After analysis, each chromatogram is examined for: (1) proper operational settings and peak identification; (2) correct peak shapes and integration windows; (3) peak overlaps; (4) correct background subtraction (if needed); and (5) QC standard comparisons. Level I data validation (Watson et al. 2001) involves chromatogram inspection for each analysis, applying range checks to batches of data and investigating outliers, ensuring differences in replicate analysis comparable to those of differences in long-term averages, and examining consistency between calibration standards and performance tests with independent QC standards. Analysts need to re-calculate ion concentrations from existing chromatograms when there is evidence that peaks were not adequately defined by the peak-processing software, and re-analyze batches of samples that do not pass validation tests. Level I data validation flags are assigned that indicate filter appearance, filter damage, unusual deposits, excessive filter loading, and other anomalies observed during the analysis. Cation/anion balances (Chow et al. 1994) are also a useful validation tool when both are measured, although these may not balance when unquantified hydrogen ions are present, as for sulfuric acid.

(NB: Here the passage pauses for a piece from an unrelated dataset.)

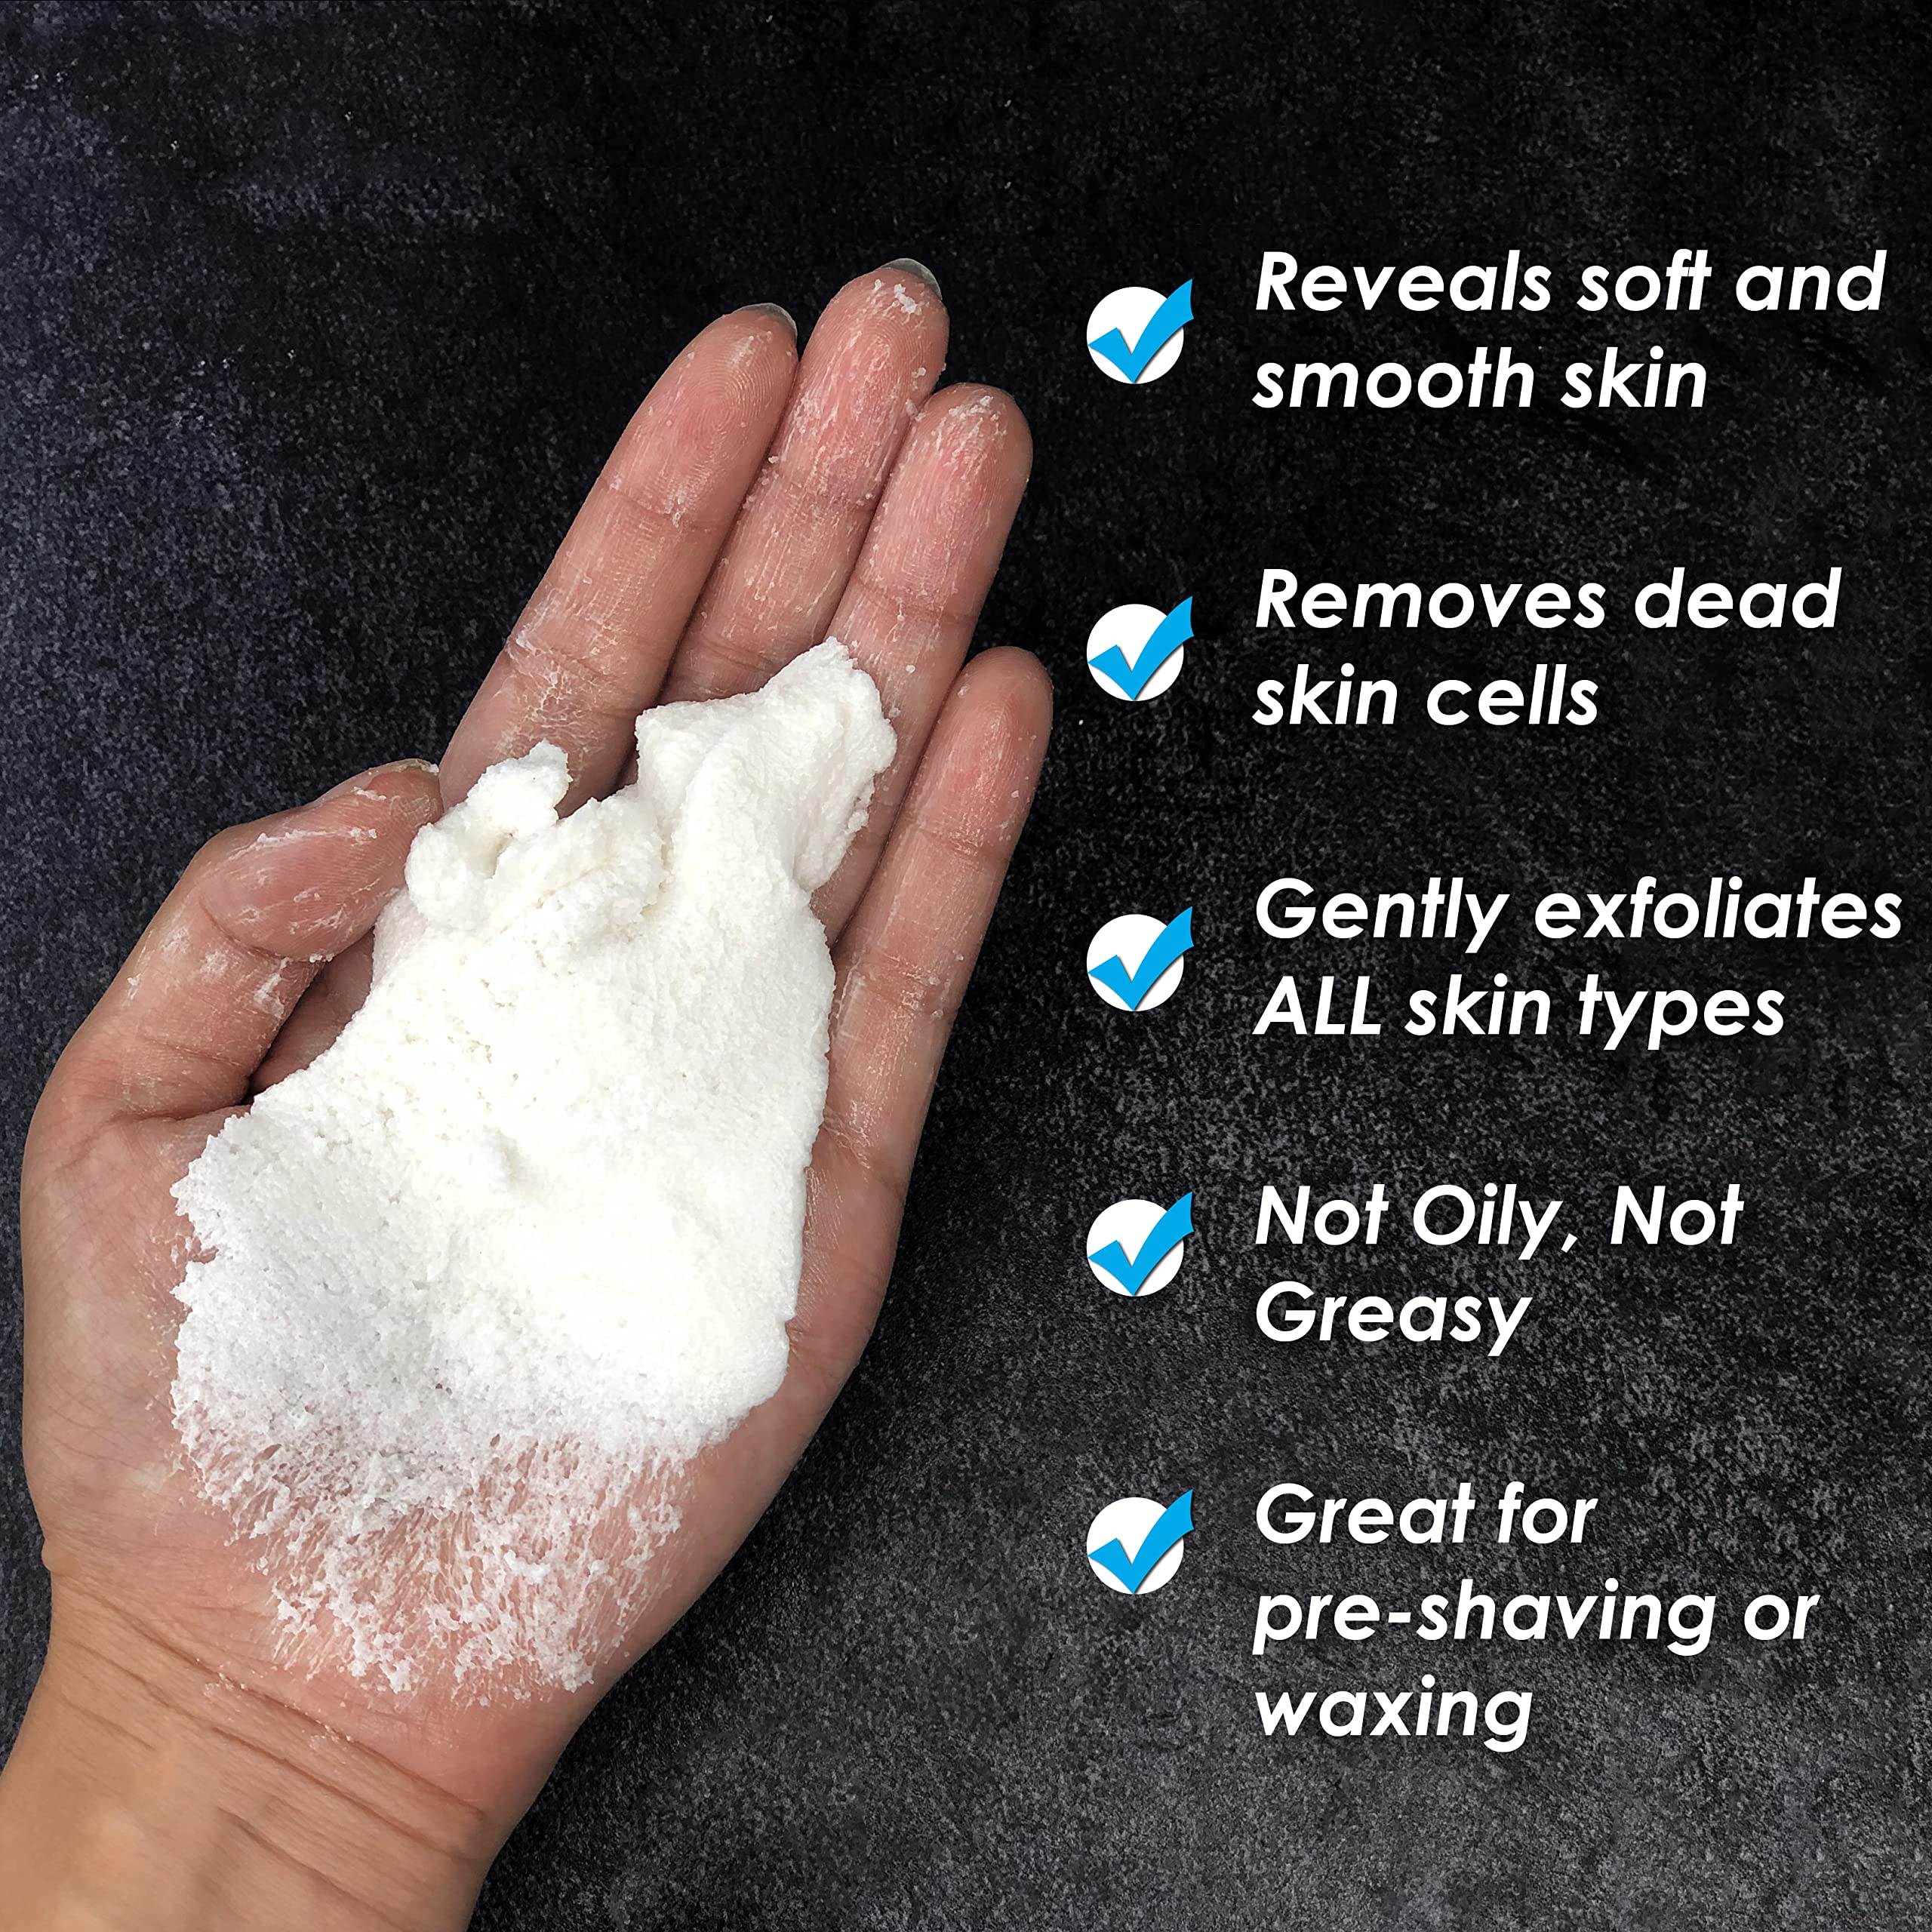 Primal Elements Sugar Scrub, Exfoliating Sugar Whip, Body Cleanser and Moisturizer - Aloha, 10 oz Package
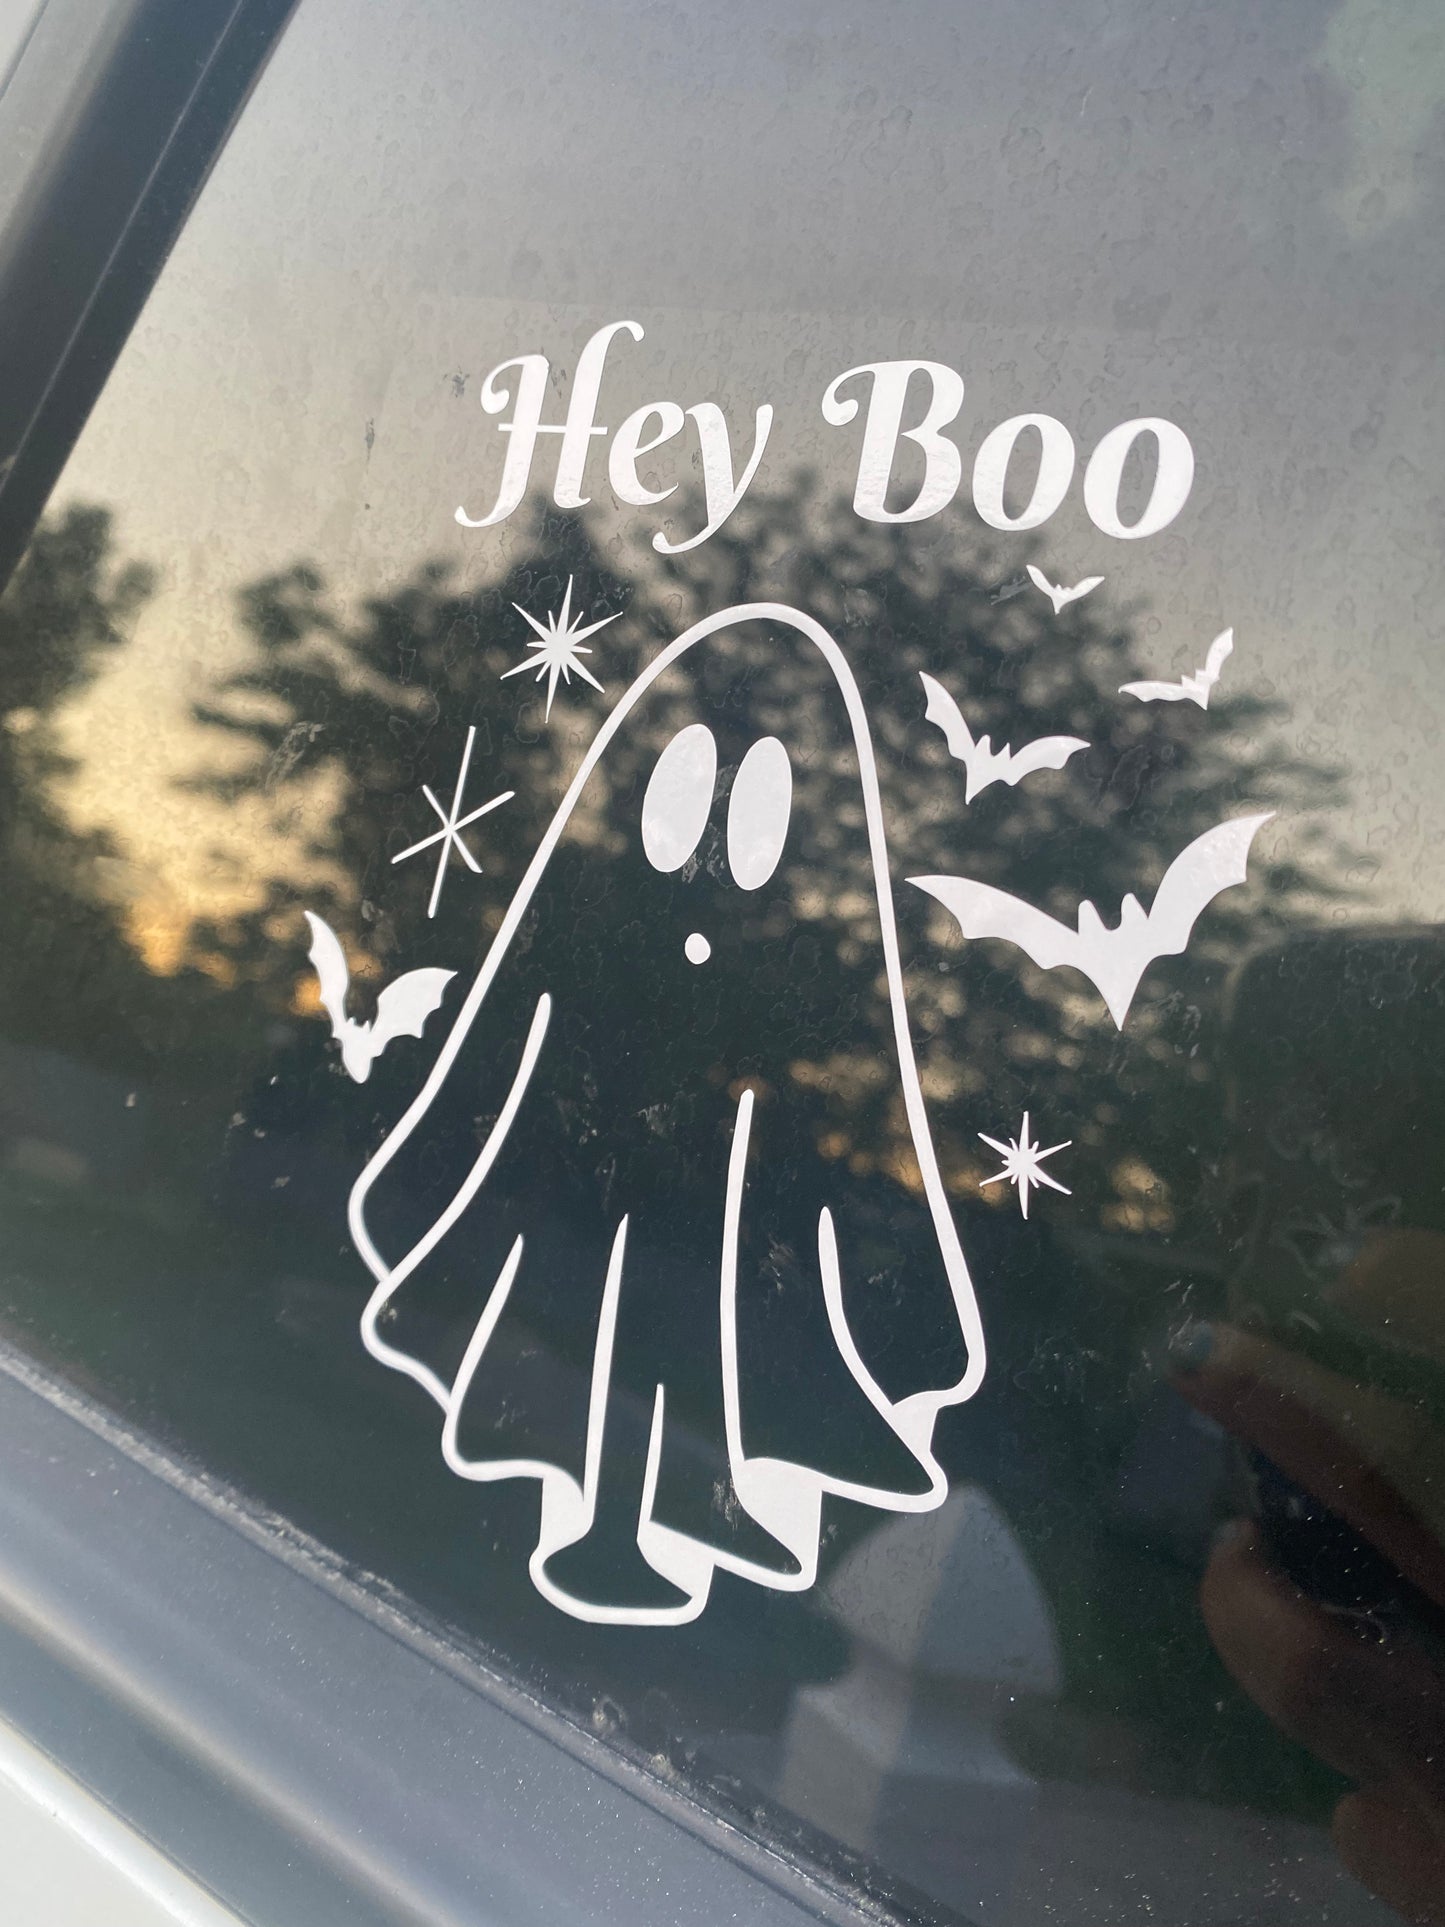 Hey Boo Ghost Car Decal

Concentrations for each species are reported for each filter after normalizing to the extraction volume. Analysis precisions are calculated for different concentration intervals as:

$$\begin{aligned} \mathrm{CV}=\frac{\sum _{i=1}^N {\frac{2\times \left| {c_i -c_{i,r} } \right| }{c_i +c_{i,r} }} }{N} \end{aligned}$$
(1)
$$\begin{aligned} \sigma _{\mathrm{cion}\hbox { }} =\sqrt{(\mathrm{CV}\times c_i )^{2}+(\mathrm{MDL}/3)^{2}}, \end{aligned}$$
(2)

where CV is the coefficient of variation for each ion; N is the number of samples, \(c_{i}\) is the concentration of initial analysis of sample ifor each ion, \(c_{i,r}\) is the concentration of sample “i” replicate analysis for each ion; MDL is defined as three standard deviations of laboratory blanks for each ion; \(\sigma _{\mathrm{cion}}\) is the precision of \(c_{\mathrm{ion}}\).

Data are transmitted to a master data base in any specified format, which usually includes a separate record for each sample with the sample ID, filter lot number, analysis date, validation flags, filter loading values, and precision for each element. These are associated with field data, such as air sample volume, through the sample ID for a final output in \(\upmu \)g/m\(^{3}\).

QA consists of external examinations of the measurement process, as delineated in Table 5. These include laboratory certifications (TNI 2016), inspections and systems audits (Taylor 2005, 2007), and performance audits/interlaboratory comparisons (Smiley 2005, 2007, 2009, 2010; Taylor 2008). These are often required by an external sponsor, but they are good practice even if not required.

Summary and Conclusions

IC has progressed from simple analyses of inorganic anions and cations to a versatile laboratory tool applicable to a large range of water-soluble inorganic and organic compounds. Modern hardware and software allows several organic compounds to be discerned along with the normal anion and cation analyses. Modifications of columns, eluent compositions, concentrations, and detectors allow further characterization of alkylamines, organic acids, and carbohydrates that are markers for biomass burning, fuel combustion, engine exhaust, meat cooking, marine aerosol, and bioaerosol (e.g., fungi and bacteria) as well as primary and secondary organic aerosols. Labor is reduced by autosampling and sample routing, such that a single sample tray could be used for multiple analyses described here. These additional water-soluble species are useful to better understand their abundances and variations in source profiling and to refine aerosol source apportionment.